Problem to work on -
When you return the data, keep every line exactly as it is and leave out the pictures.

Material provided -
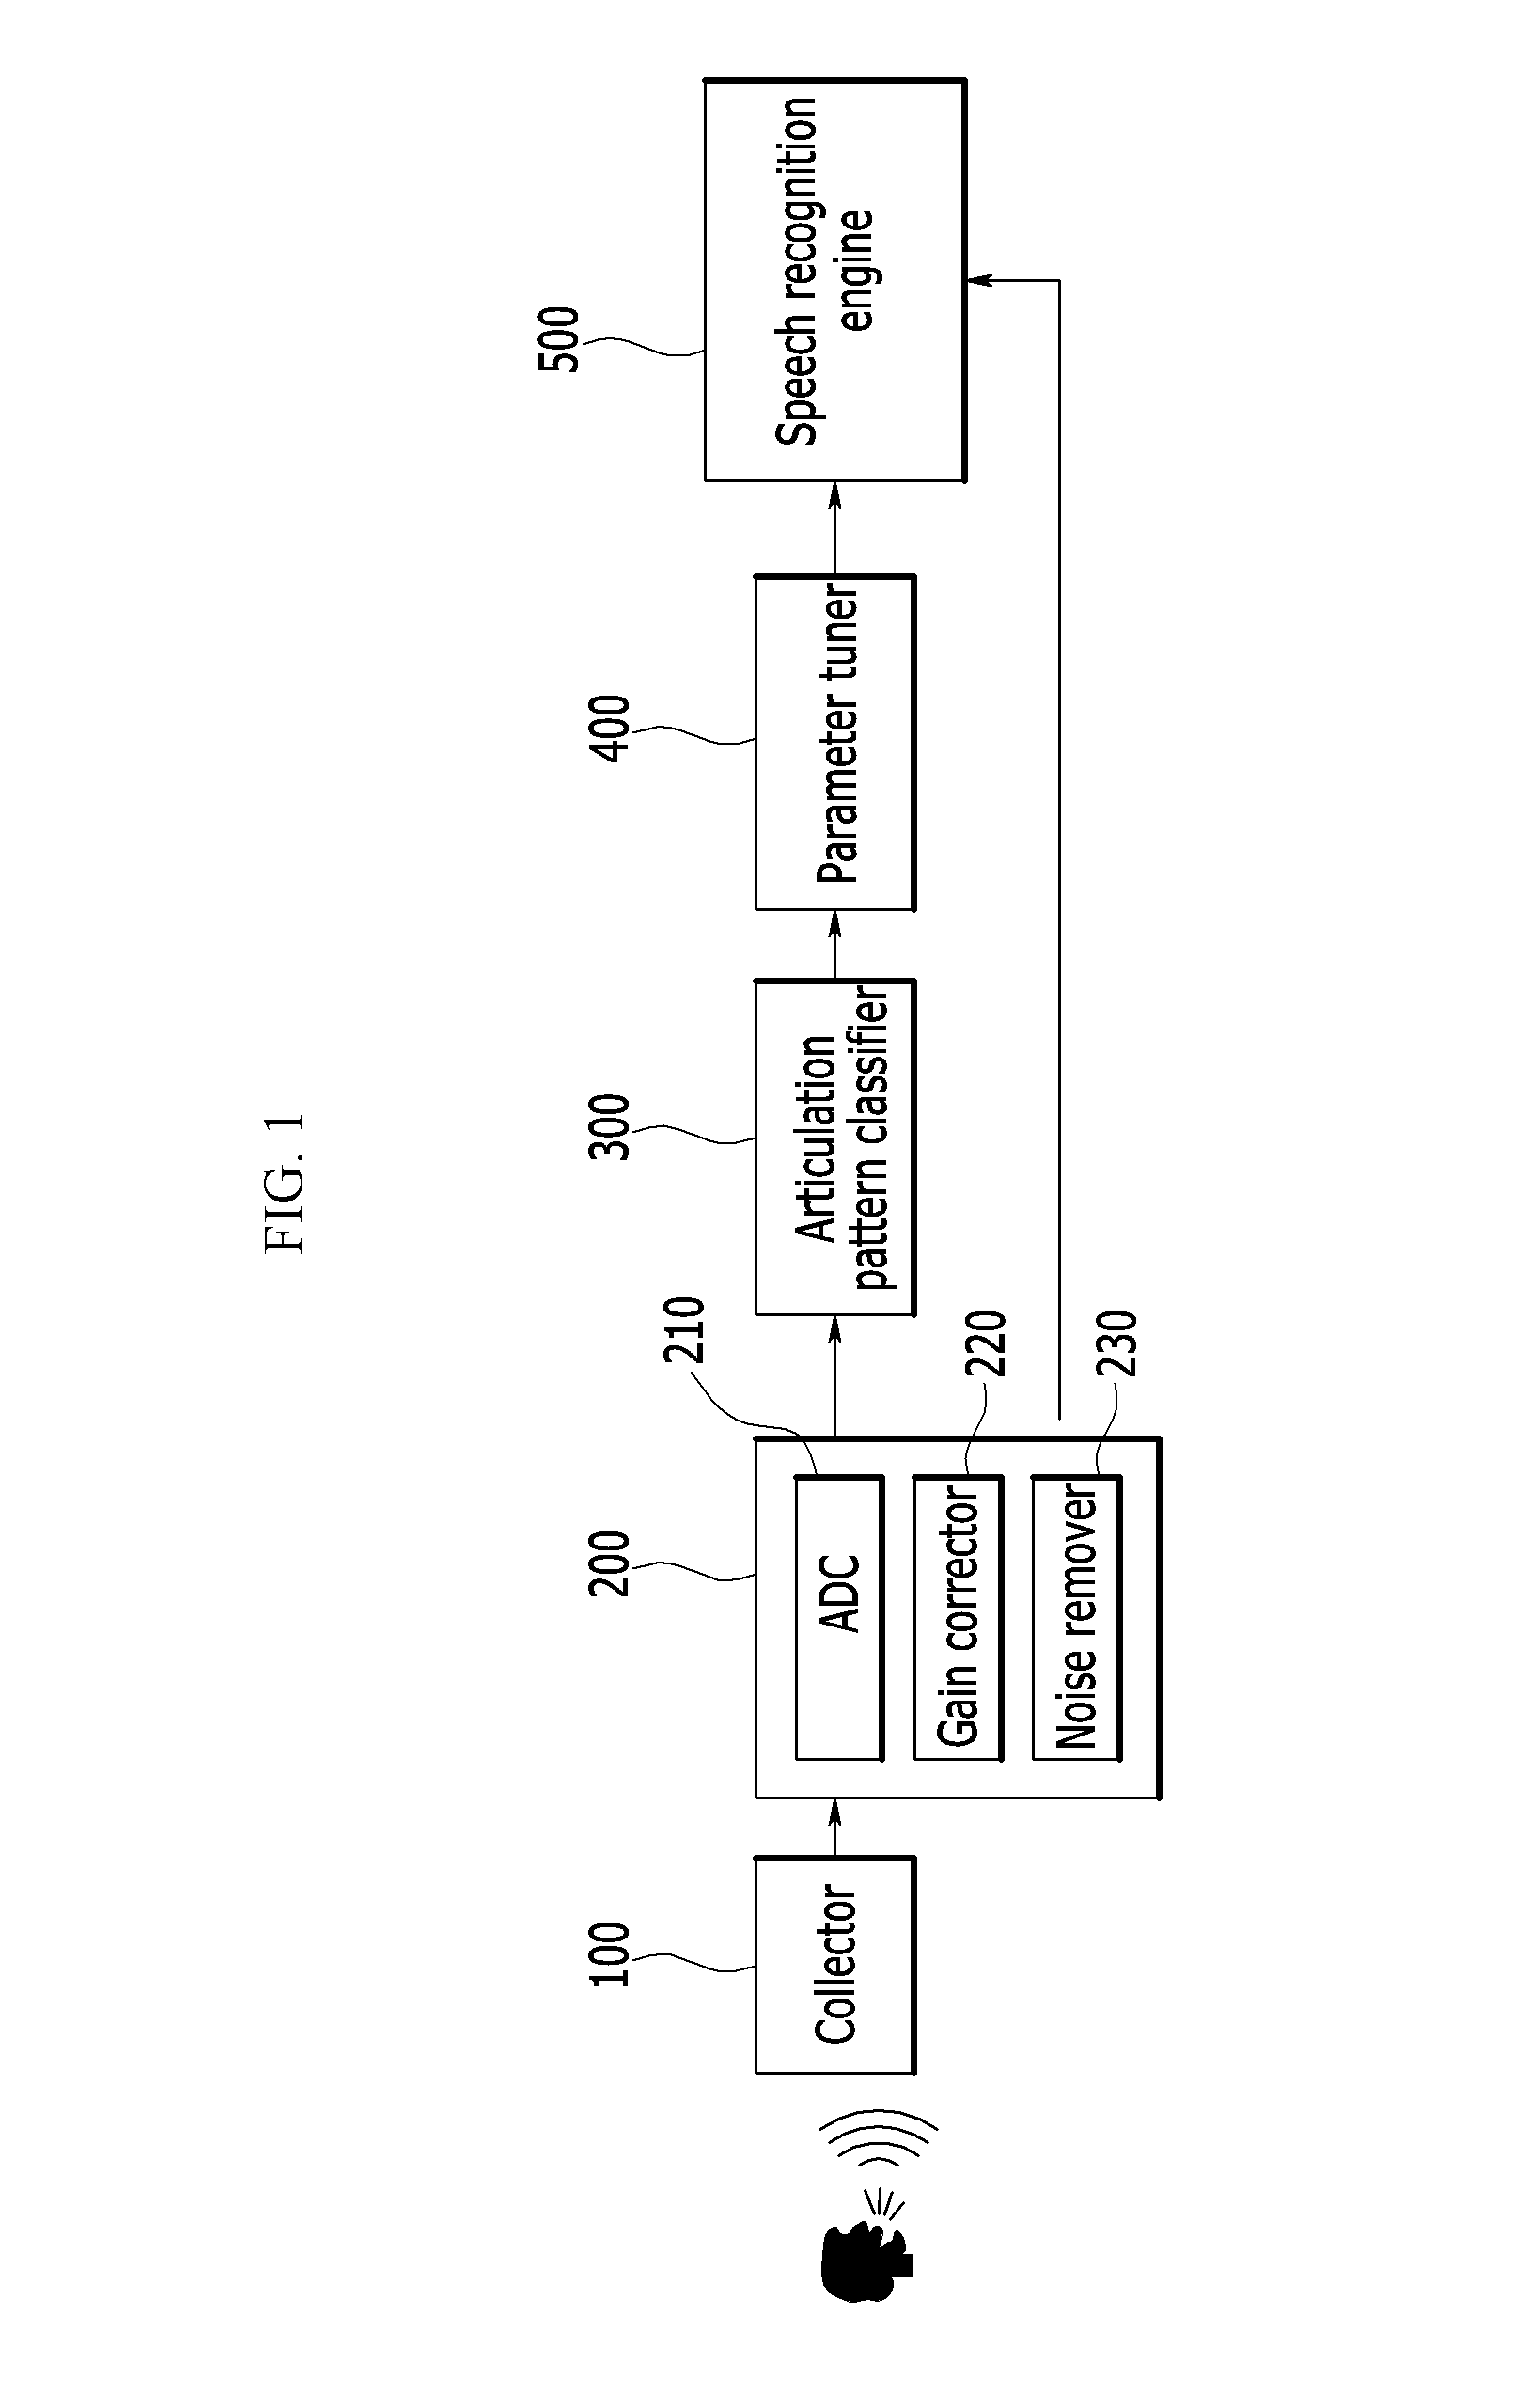 Speech recognition system and speech recognition method
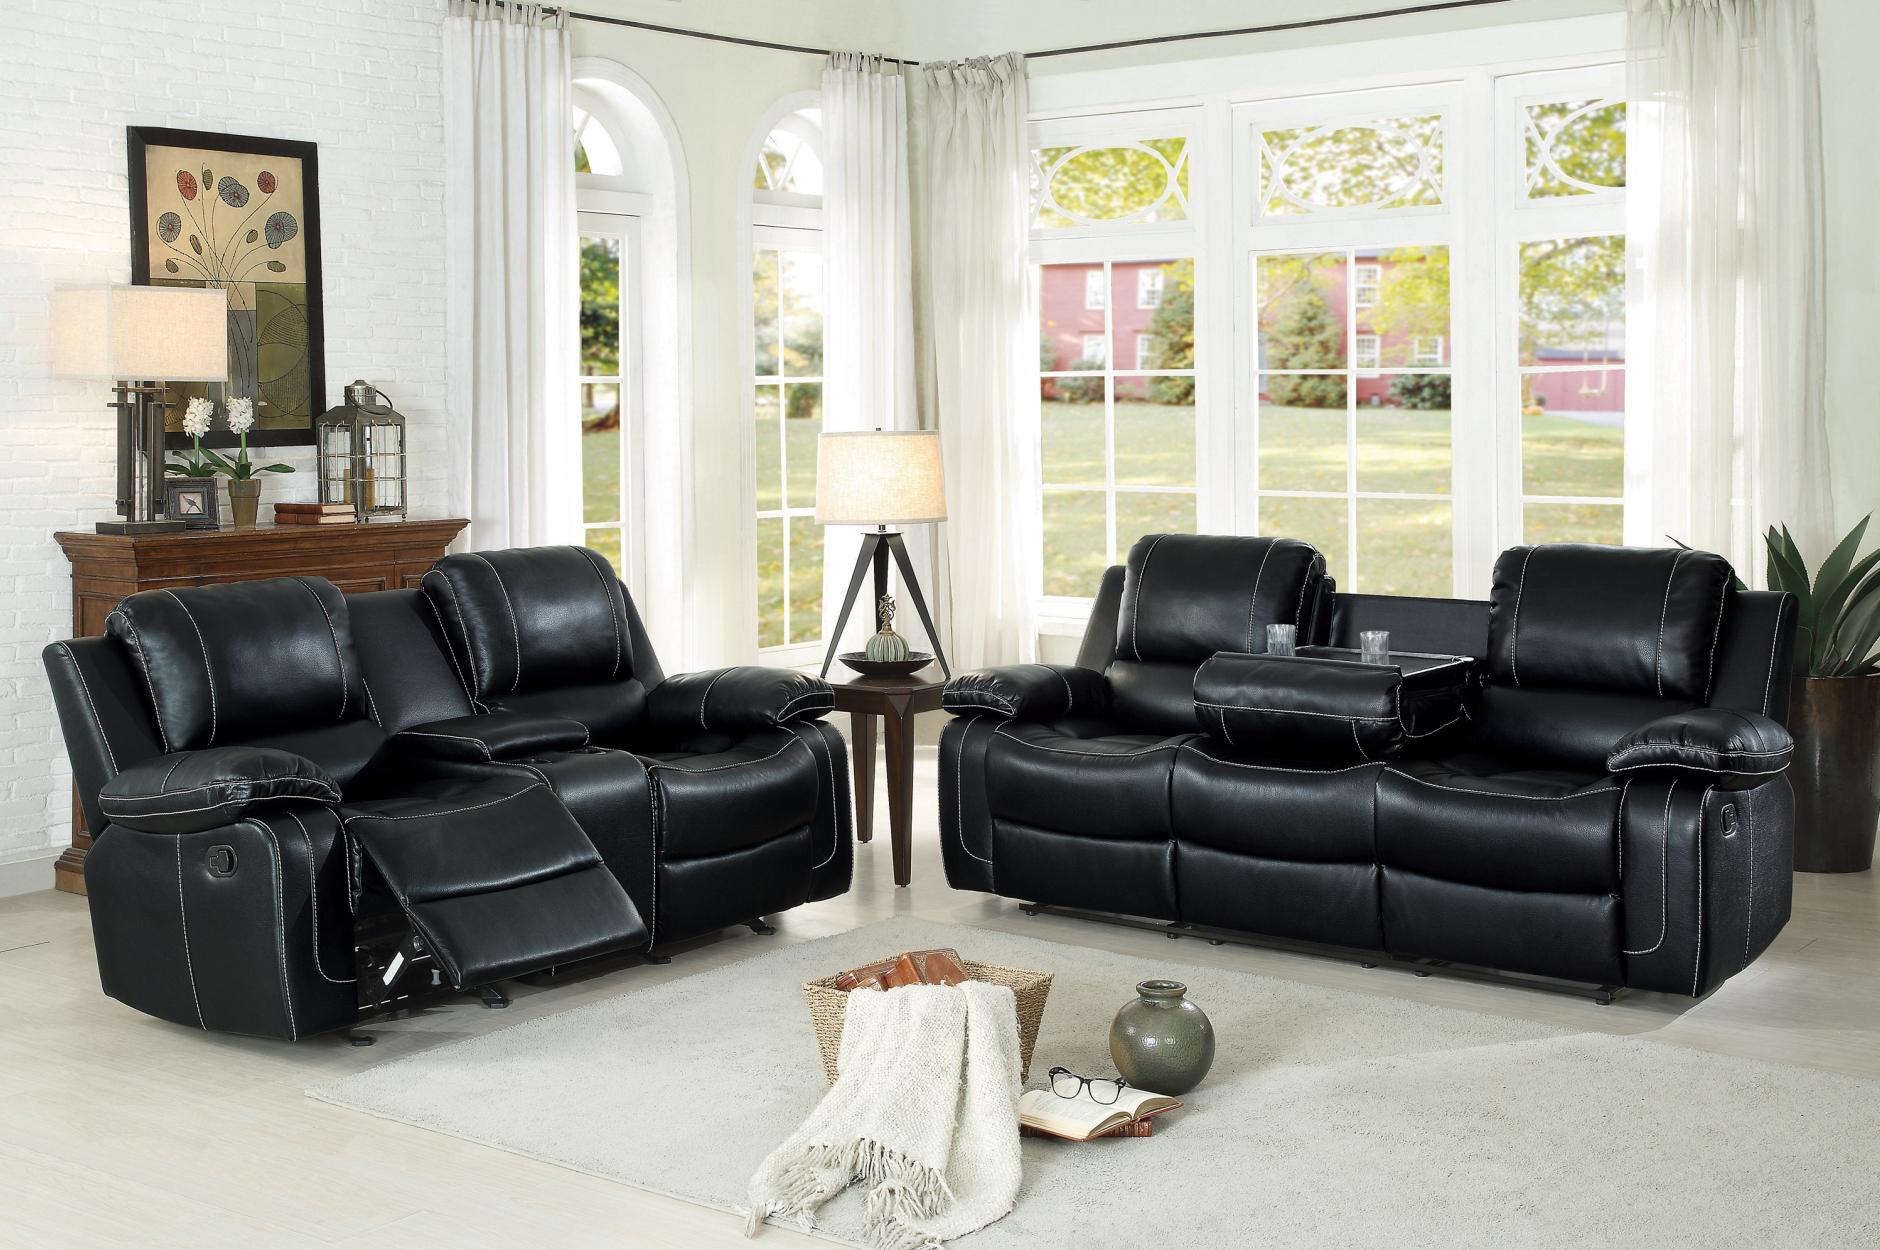 Contemporary, Modern Reclining Sofa and Loveseat Oriole 8334BLK-3+2 in Black Faux Leather
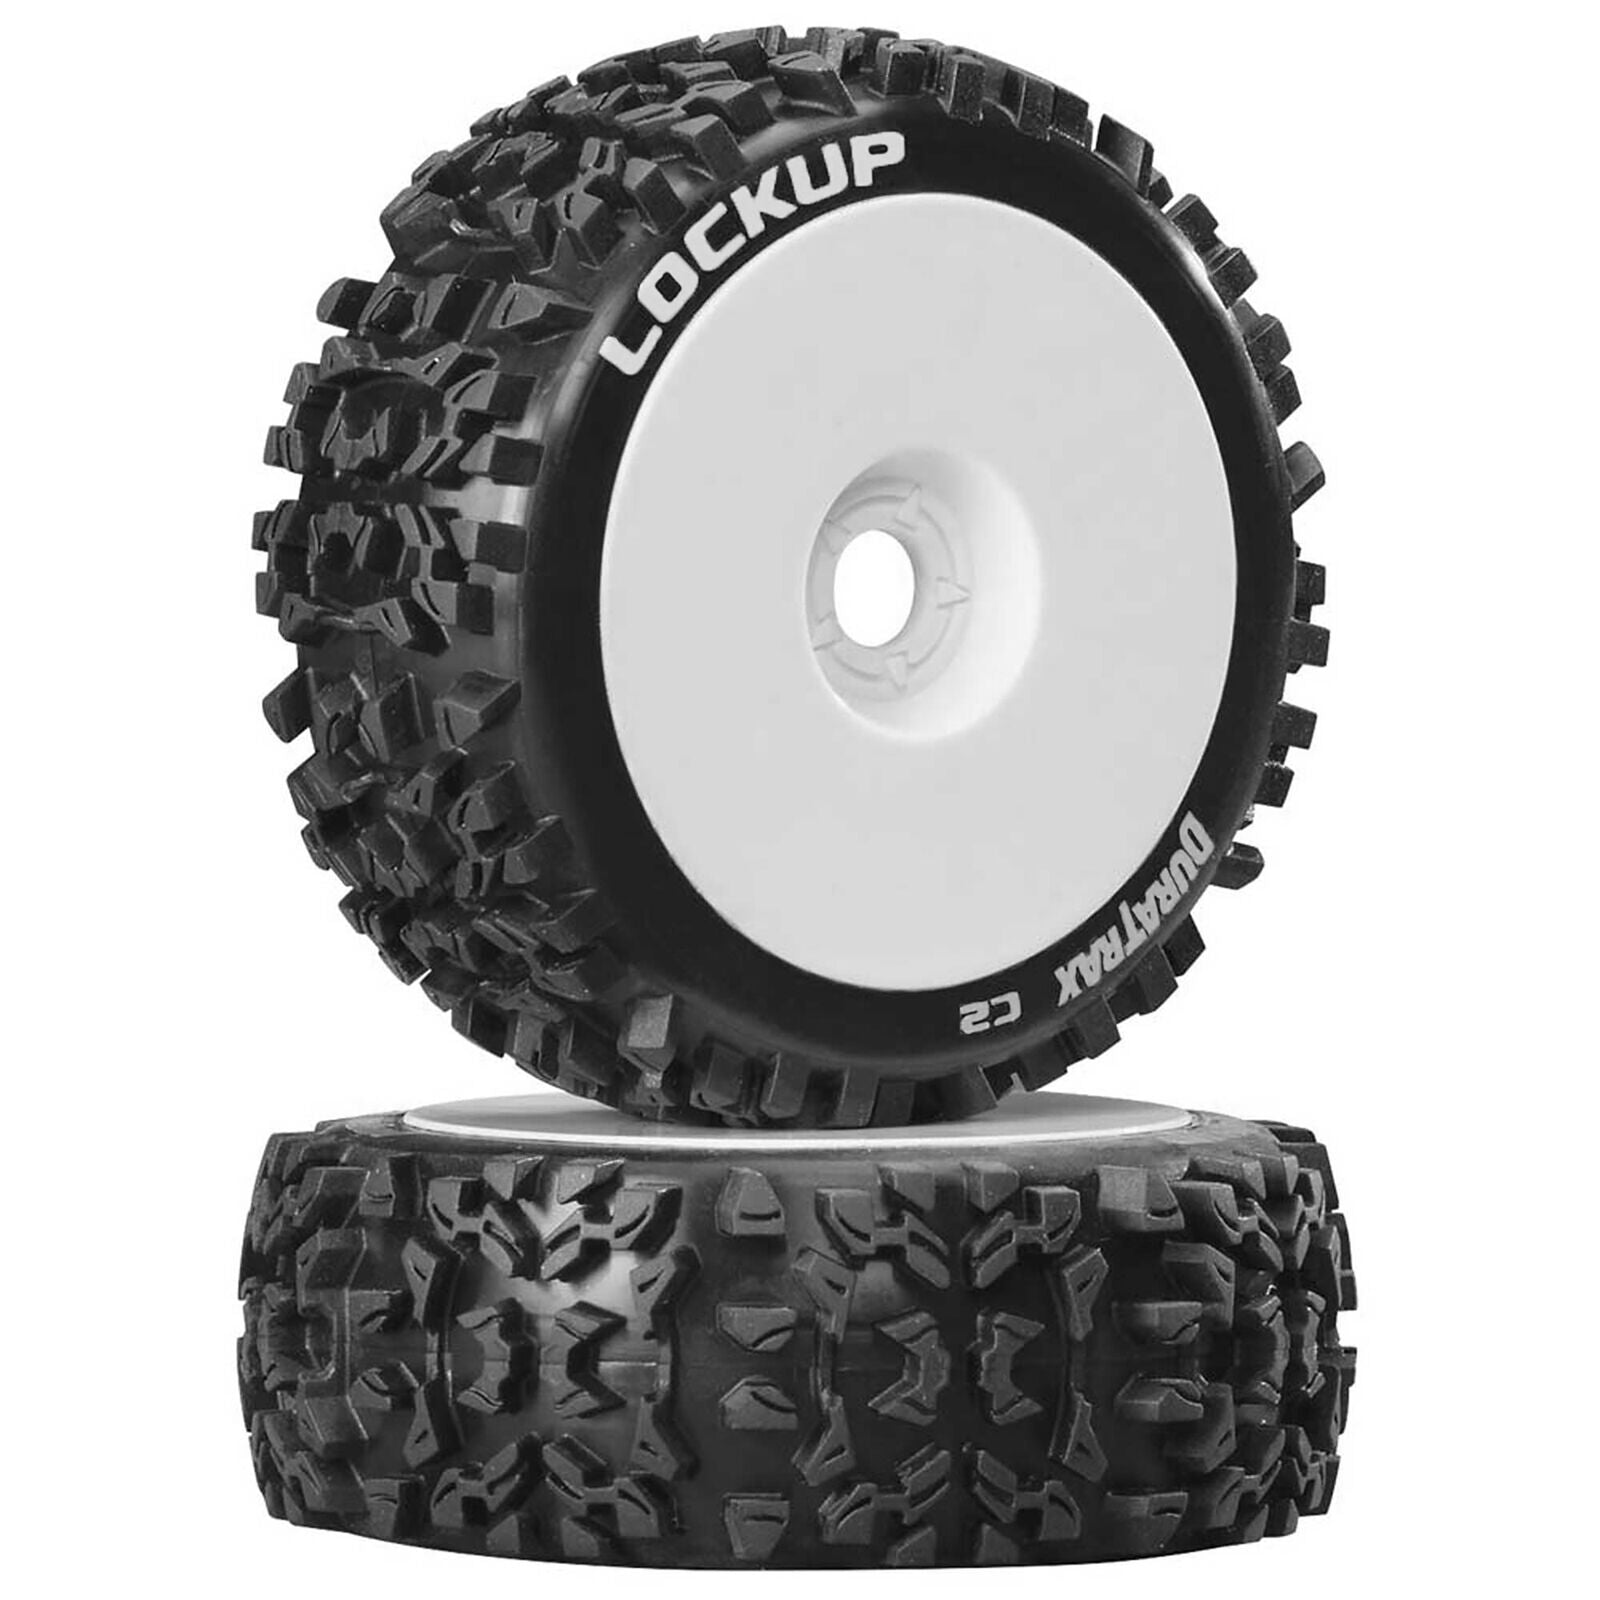 DURATRAX DTXC3615 Lockup 1/8 C2 Mounted Buggy Tires, White (2)

Exercise result -
 Speech recognition system and speech recognition method
 Contemporary, Modern Reclining Sofa and Loveseat Oriole 8334BLK-3+2 in Black Faux Leather
 DURATRAX DTXC3615 Lockup 1/8 C2 Mounted Buggy Tires, White (2)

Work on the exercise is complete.